Restate word for word the lines below from the one that has "Официално откриване и" through the one that has "und Daniel Ibañez. iaac.net", keeping both and dropping all pictures.

▶ Given entries:
= = =

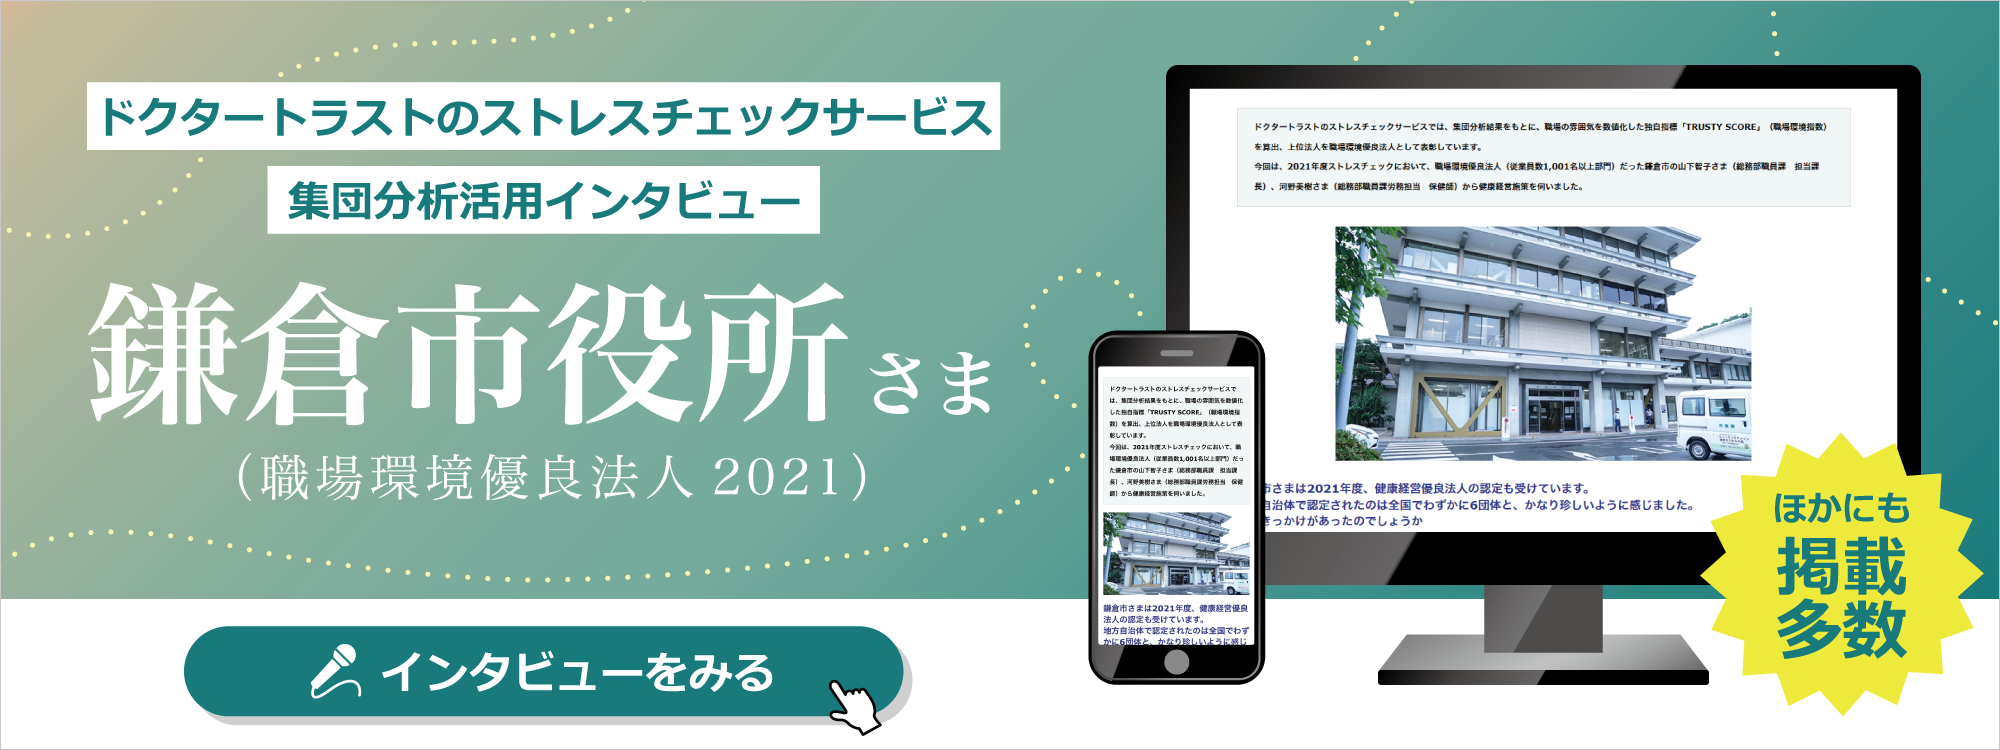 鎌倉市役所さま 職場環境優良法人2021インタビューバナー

= = =

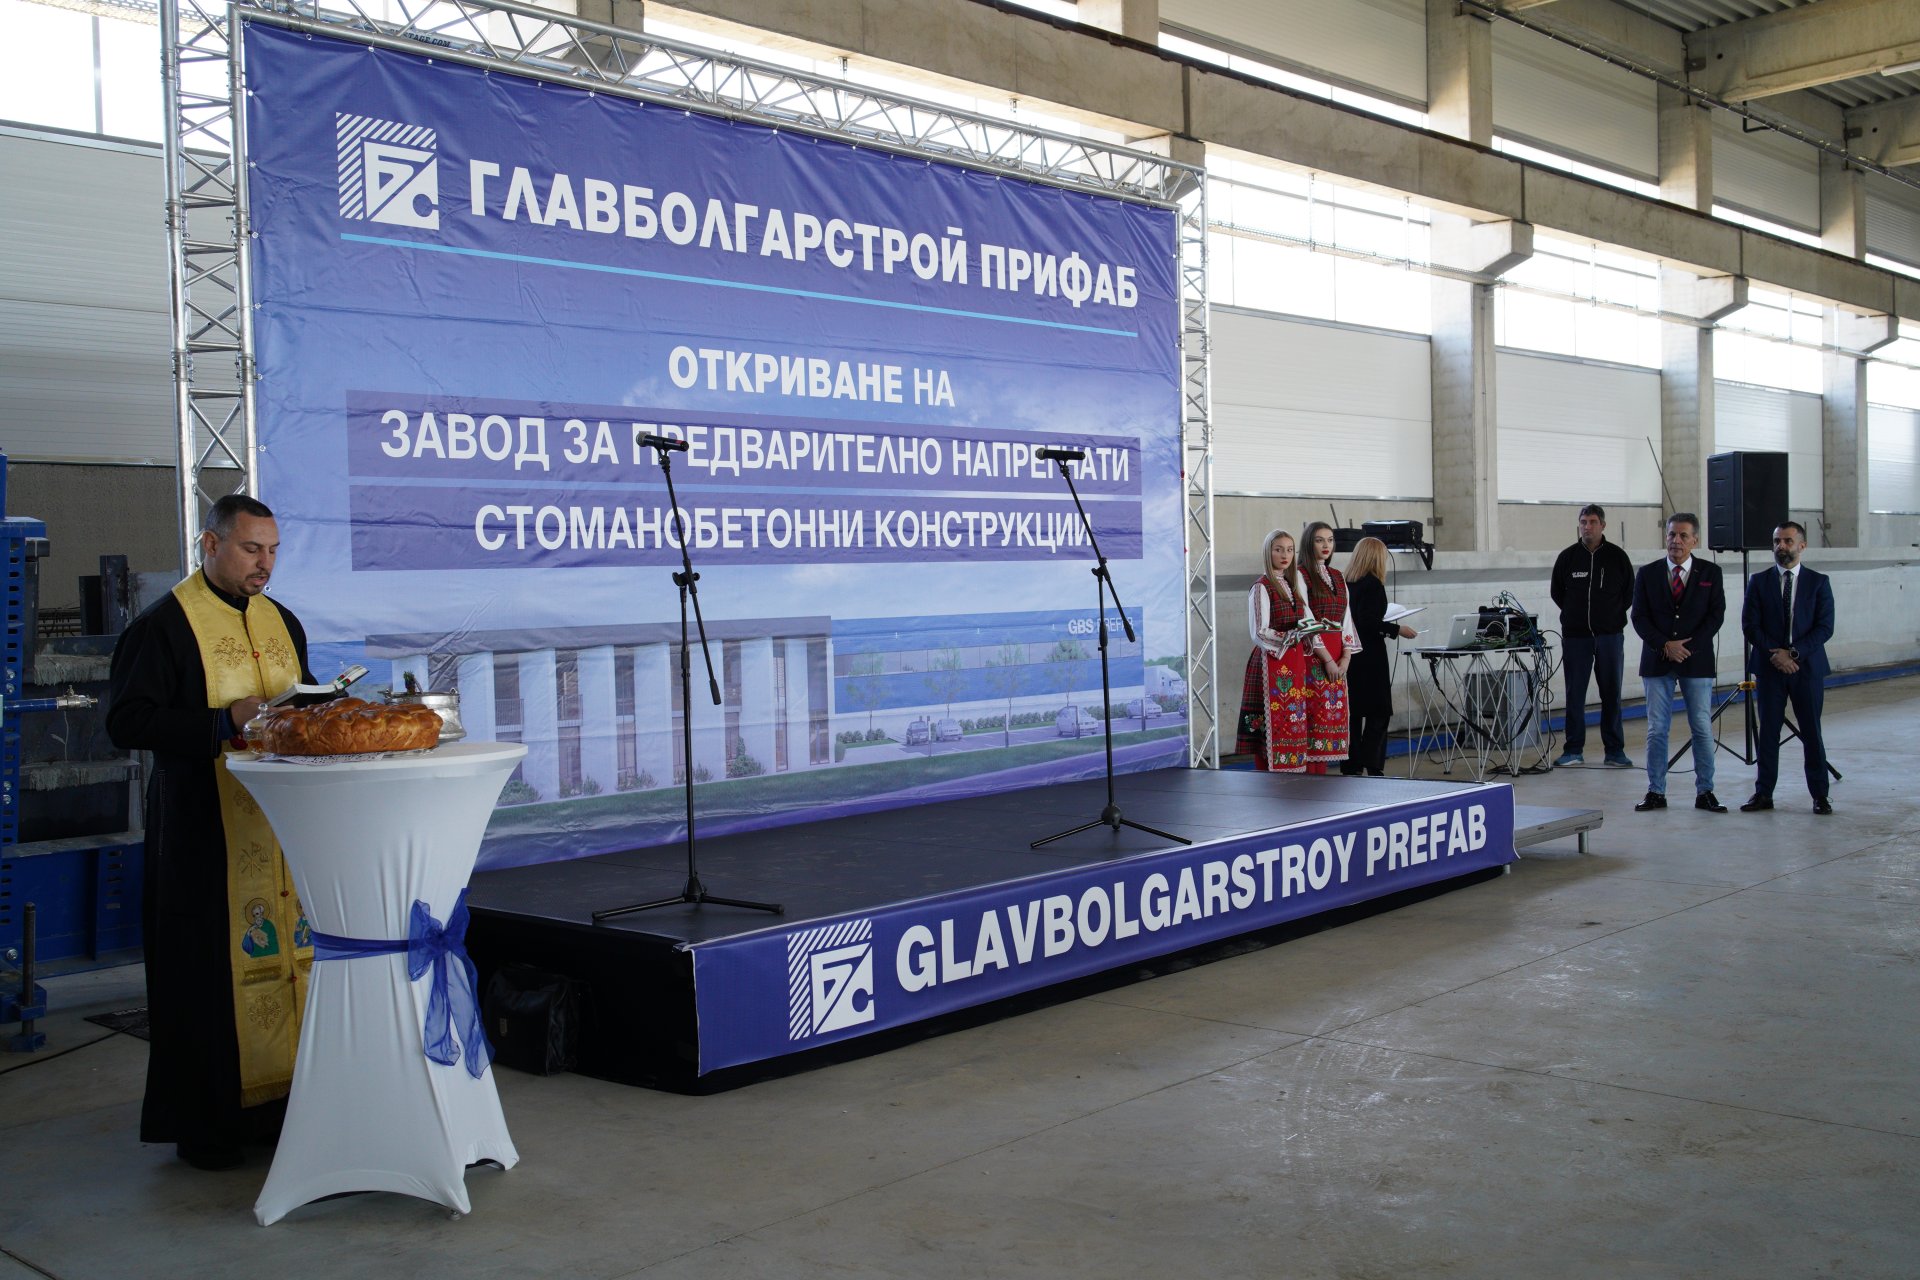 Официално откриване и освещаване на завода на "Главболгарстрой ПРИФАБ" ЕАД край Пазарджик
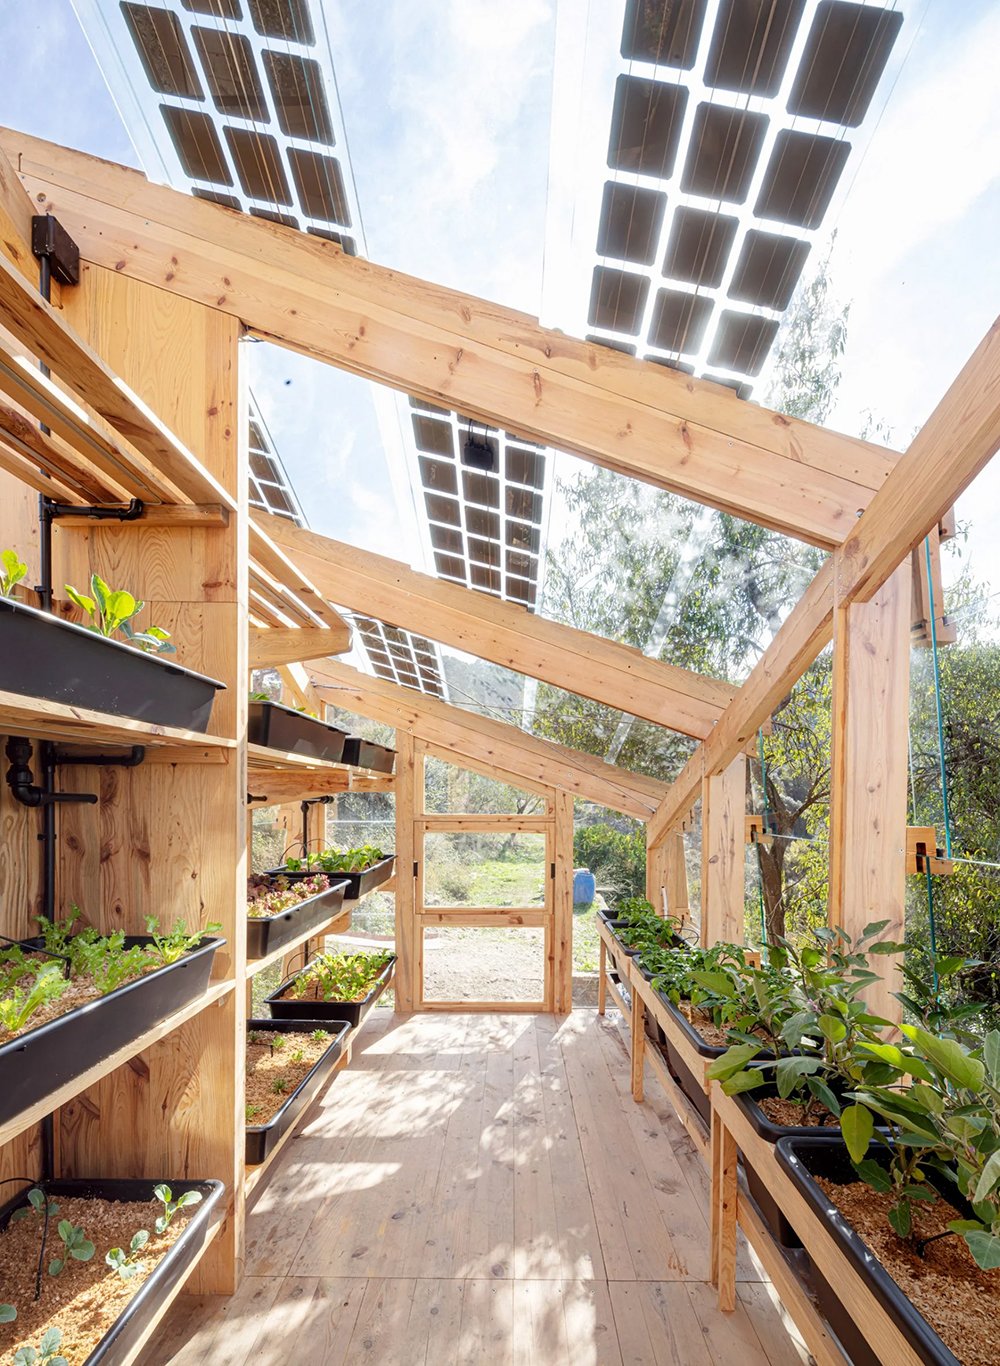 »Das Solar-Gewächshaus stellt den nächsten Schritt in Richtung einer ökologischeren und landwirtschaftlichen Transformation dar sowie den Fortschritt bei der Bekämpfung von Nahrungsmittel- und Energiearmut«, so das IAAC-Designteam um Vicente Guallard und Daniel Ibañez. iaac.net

= = =

▶ Answer to this task:
 Официално откриване и освещаване на завода на "Главболгарстрой ПРИФАБ" ЕАД край Пазарджик
 »Das Solar-Gewächshaus stellt den nächsten Schritt in Richtung einer ökologischeren und landwirtschaftlichen Transformation dar sowie den Fortschritt bei der Bekämpfung von Nahrungsmittel- und Energiearmut«, so das IAAC-Designteam um Vicente Guallard und Daniel Ibañez. iaac.net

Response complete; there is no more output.